BEGIN Record extracts

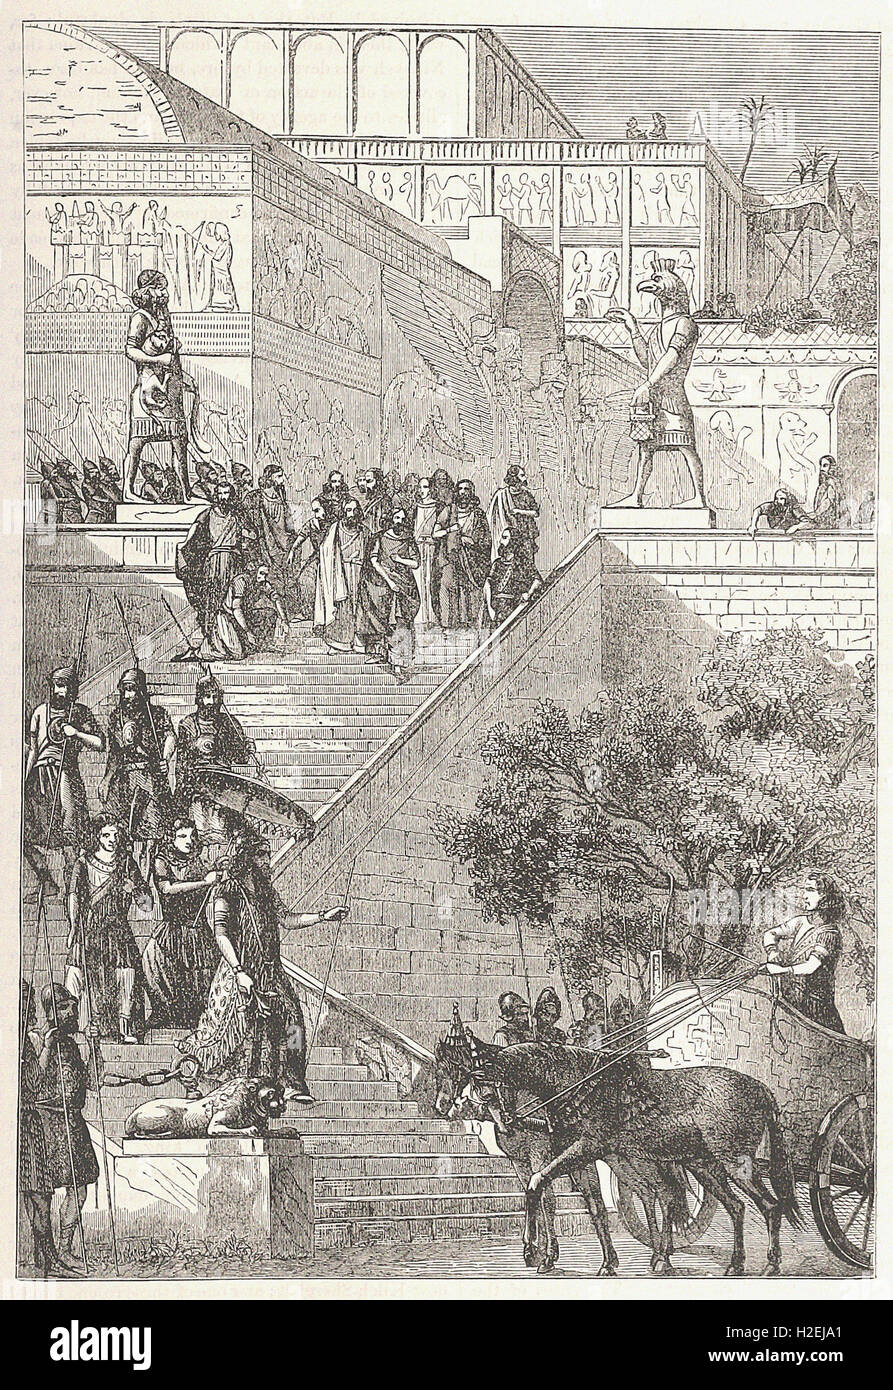 La PALAIS DE KOUYUNJIK, restauré - de 'Cassell's Illustrated Histoire universelle" - 1882 Banque D'Images
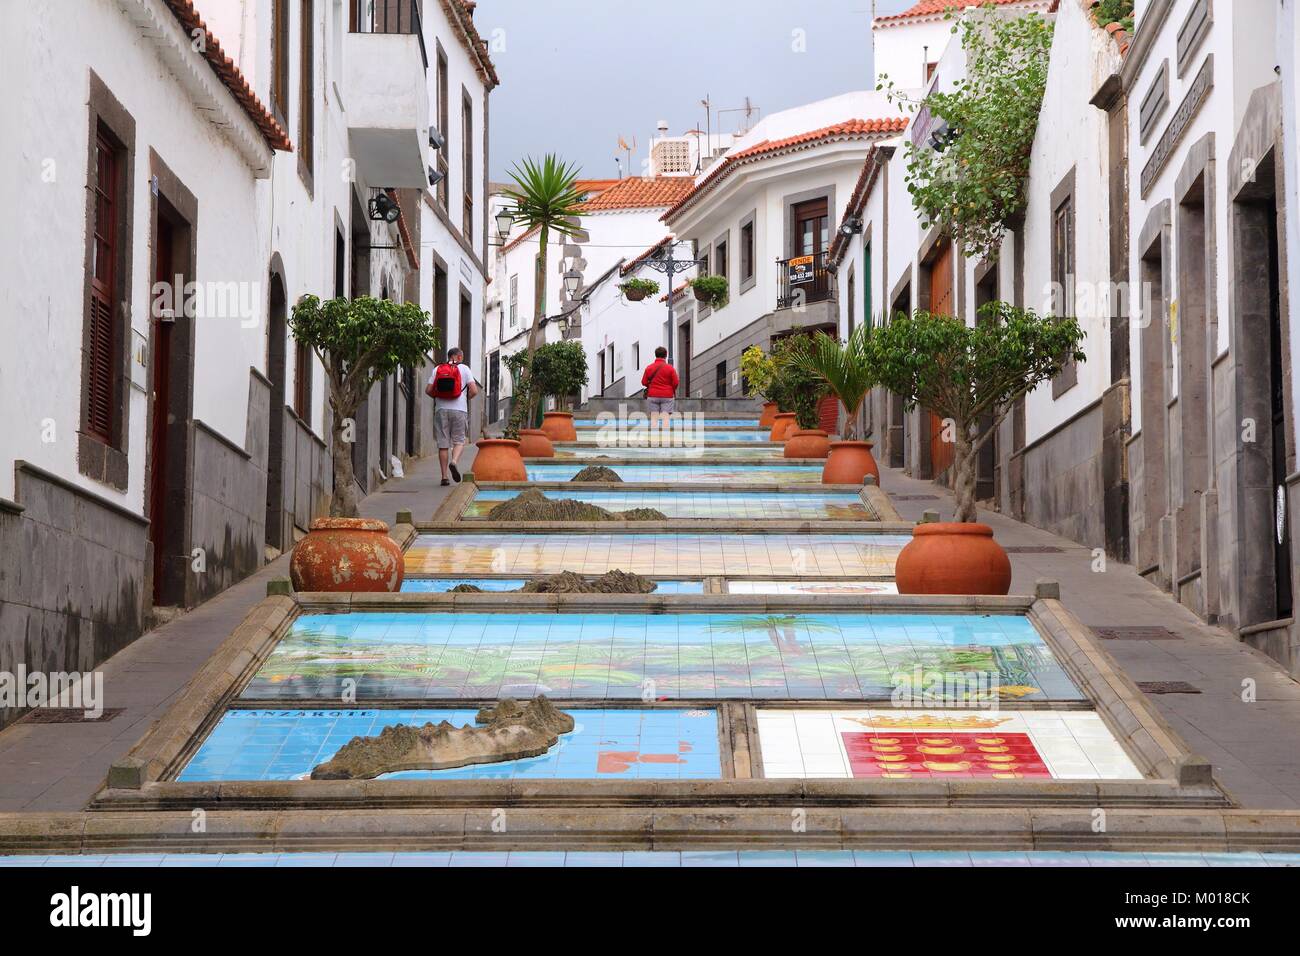 GRAN CANARIA, SPANIEN - November 29, 2015: die Menschen besuchen Firgas Altstadt in Gran Canaria, Spanien. Kanarischen Inseln hatte 12,9 Millionen Besucher in 2014. Stockfoto
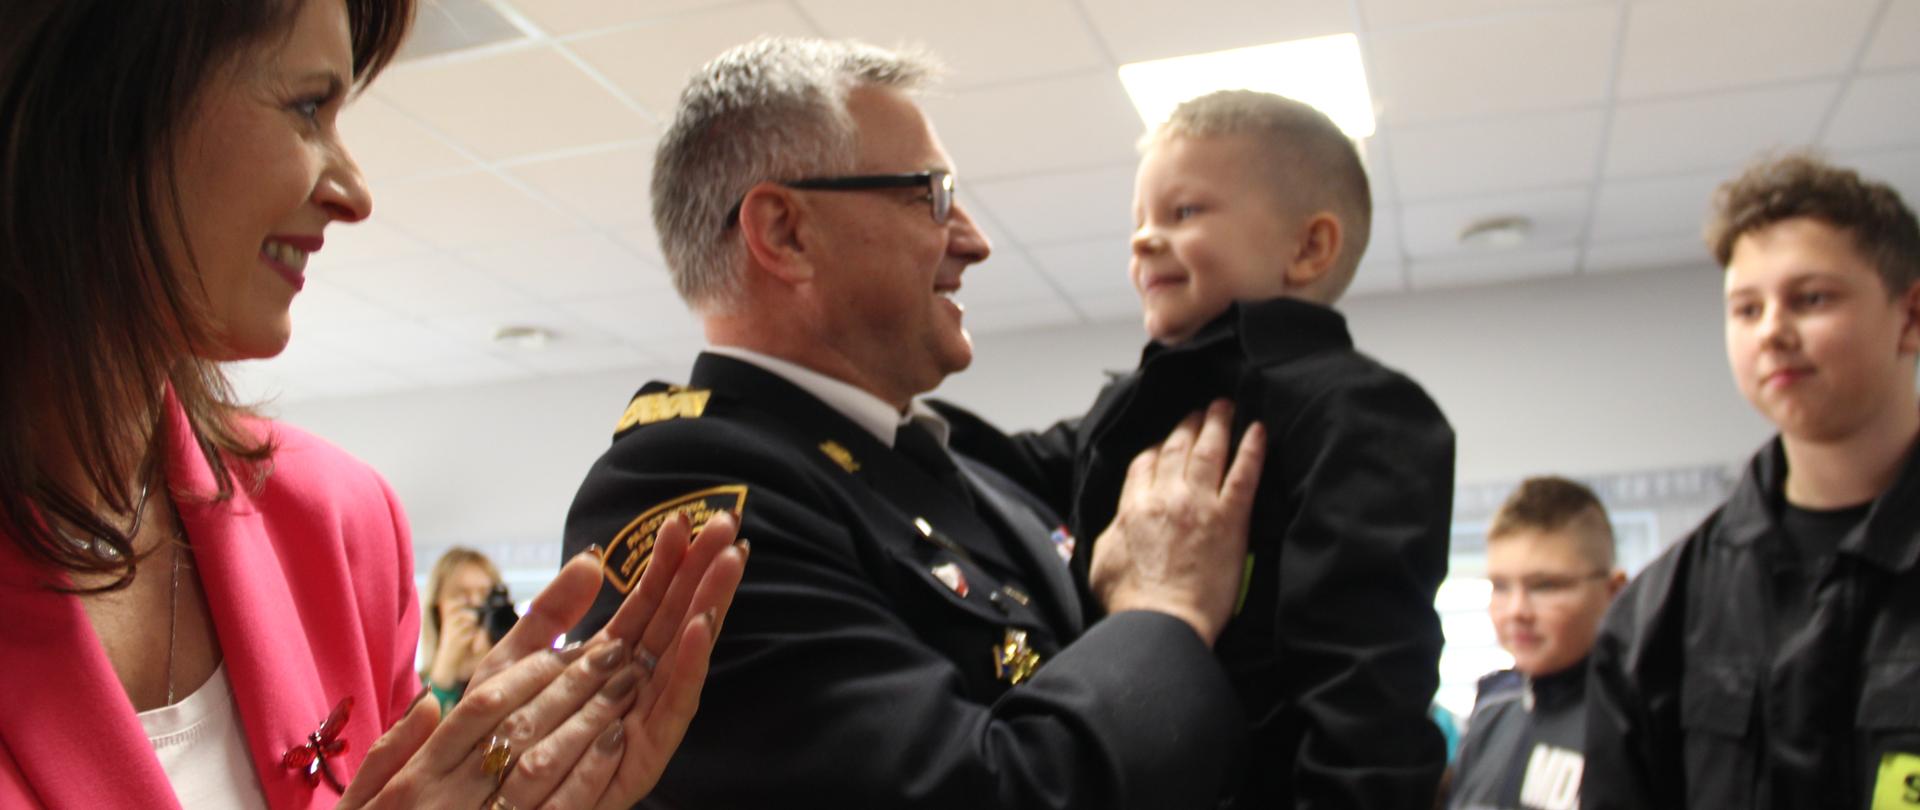 Komendant wojewodzki, w mundurze wyjściowym, trzyma na ręku kilkuletniego chłopca w mundurku strażackim. Wokół zgromadzeni goscie uroczystości.
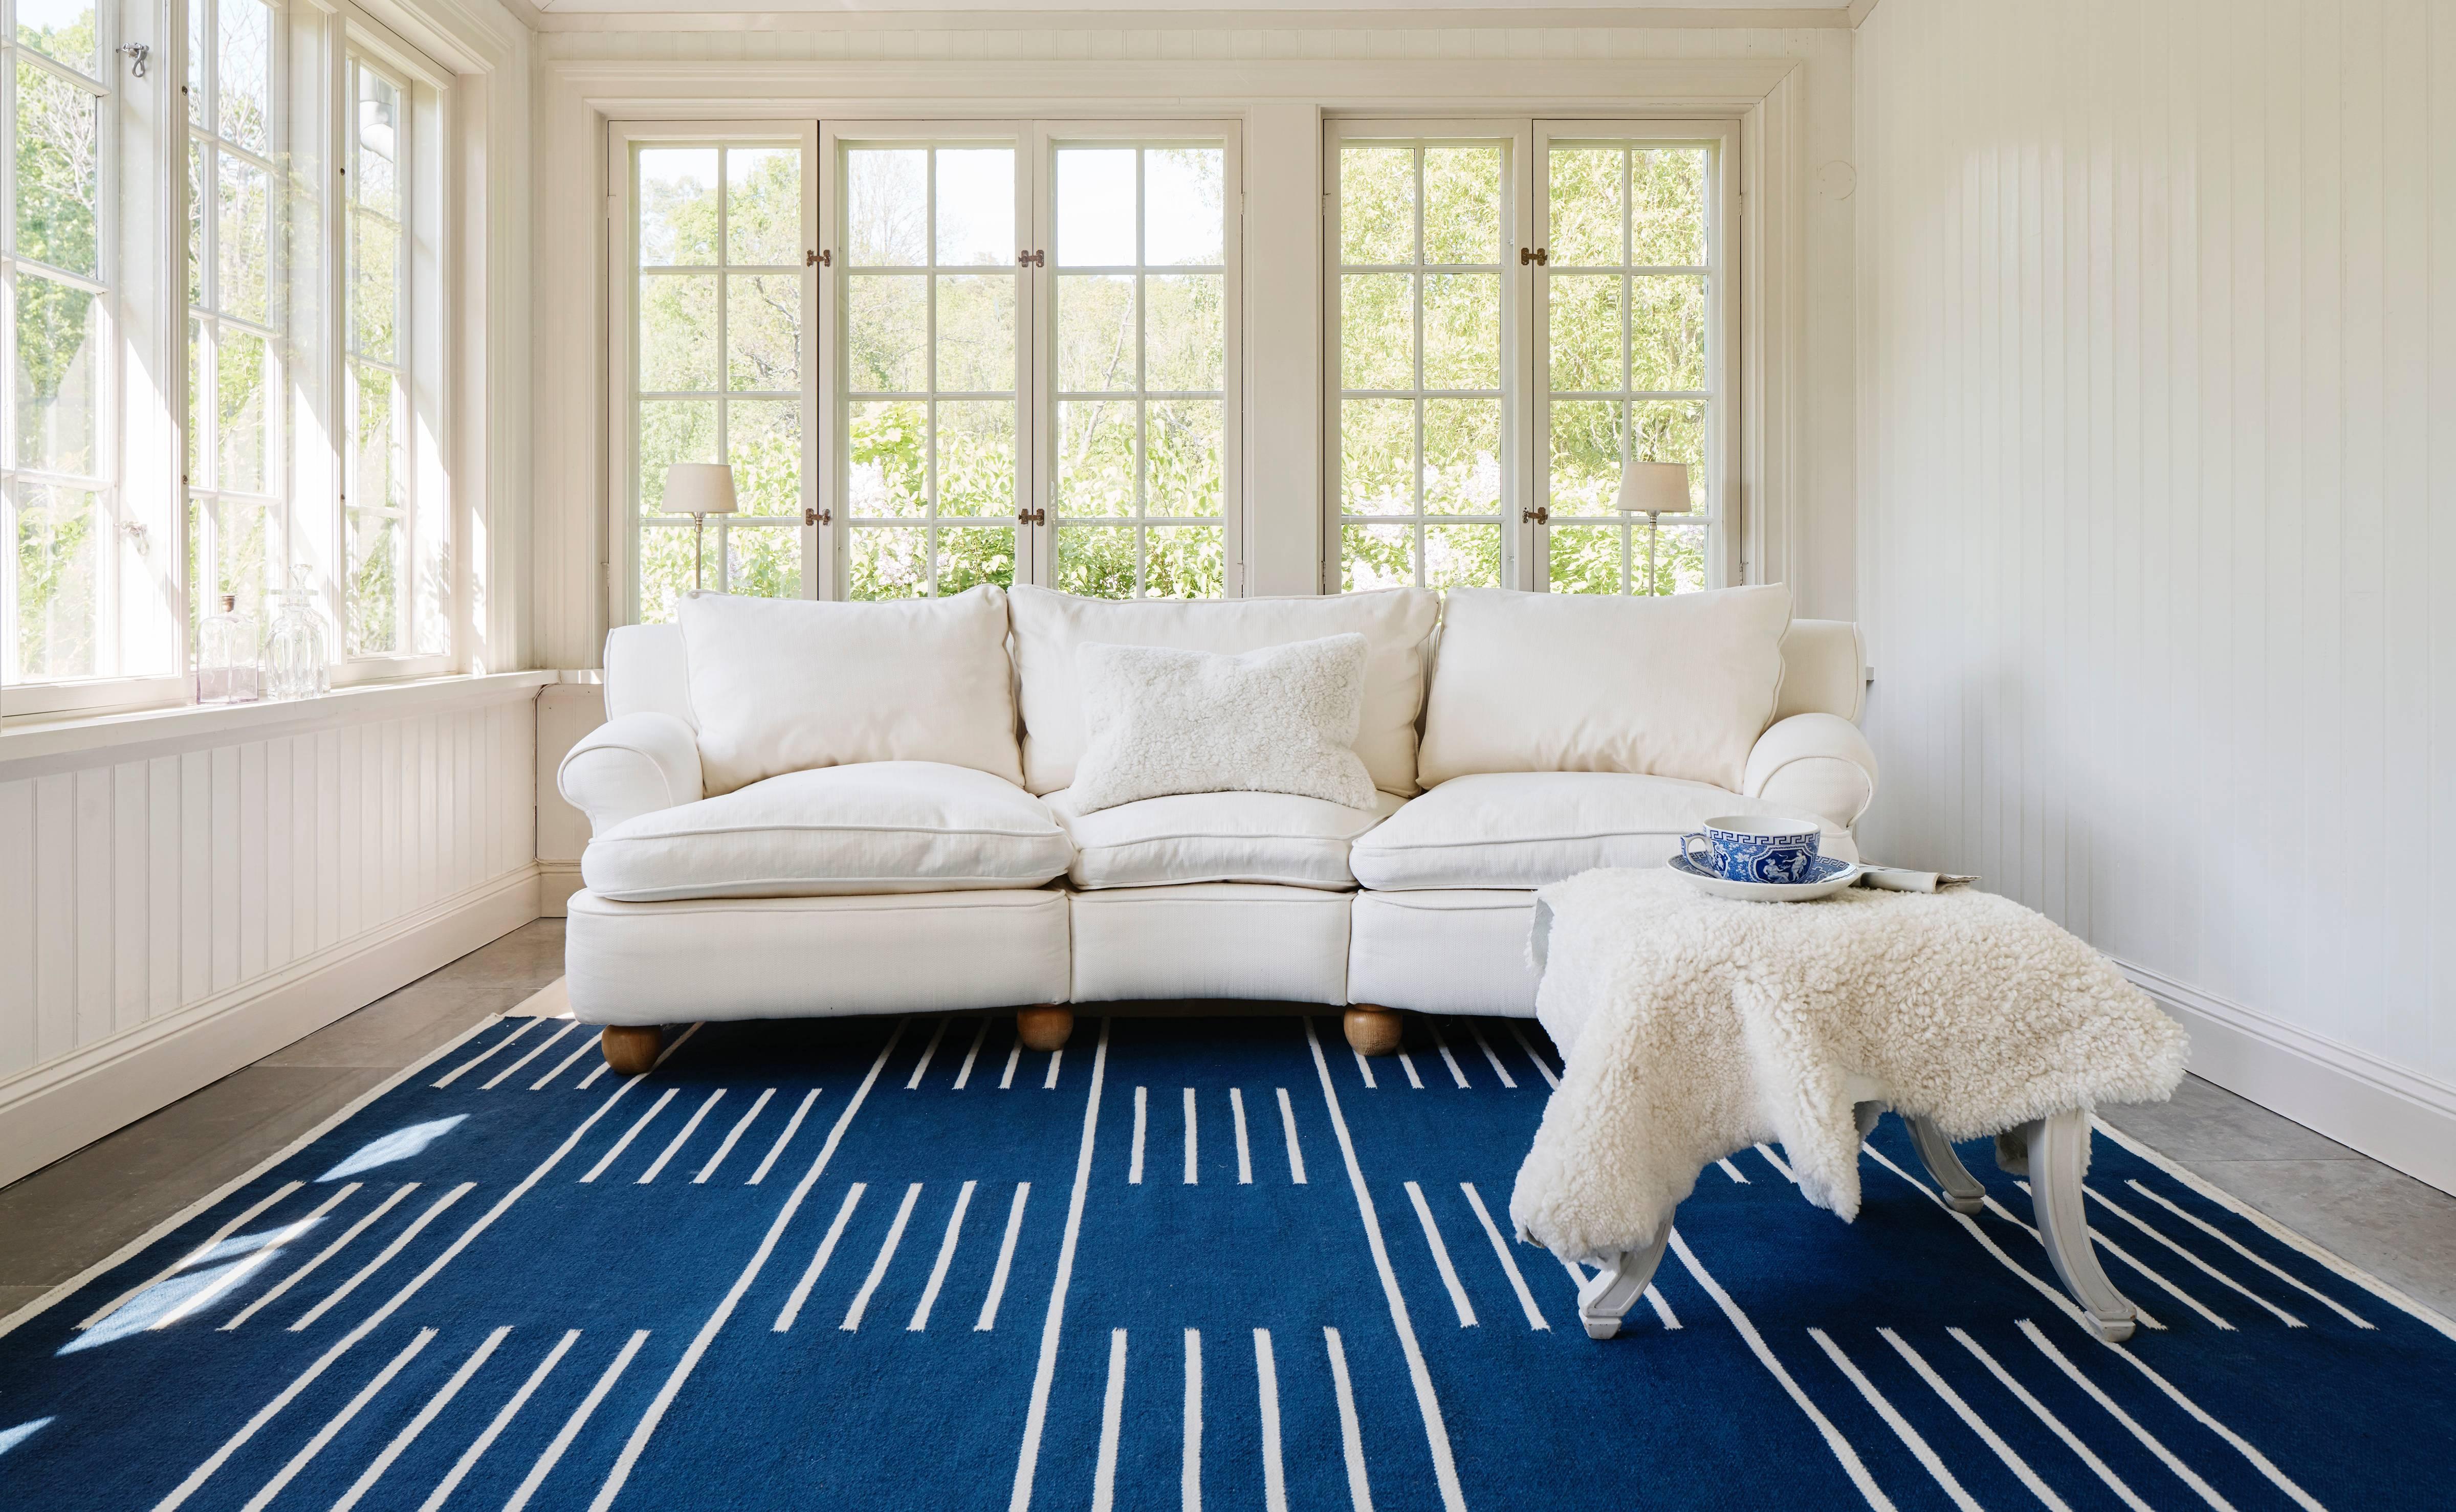 Classic Blue/Cream ist ein moderner Dhurrie/Kilim-Teppich im skandinavischen Design. Er ist in verschiedenen Größen erhältlich - siehe Anpassungsmöglichkeiten unten.

Ein traditionelles Design, inspiriert von klassischen skandinavischen Mustern. Der

END Record extracts

### Task item:
When the listing is transcribed, every line must match the original exactly, and the pictures must be left out.

### Solution for this problem:
 La PALAIS DE KOUYUNJIK, restauré - de 'Cassell's Illustrated Histoire universelle" - 1882 Banque D'Images
 GRAN CANARIA, SPANIEN - November 29, 2015: die Menschen besuchen Firgas Altstadt in Gran Canaria, Spanien. Kanarischen Inseln hatte 12,9 Millionen Besucher in 2014. Stockfoto
 Komendant wojewodzki, w mundurze wyjściowym, trzyma na ręku kilkuletniego chłopca w mundurku strażackim. Wokół zgromadzeni goscie uroczystości.
 Classic Blue/Cream ist ein moderner Dhurrie/Kilim-Teppich im skandinavischen Design. Er ist in verschiedenen Größen erhältlich - siehe Anpassungsmöglichkeiten unten.

Ein traditionelles Design, inspiriert von klassischen skandinavischen Mustern. Der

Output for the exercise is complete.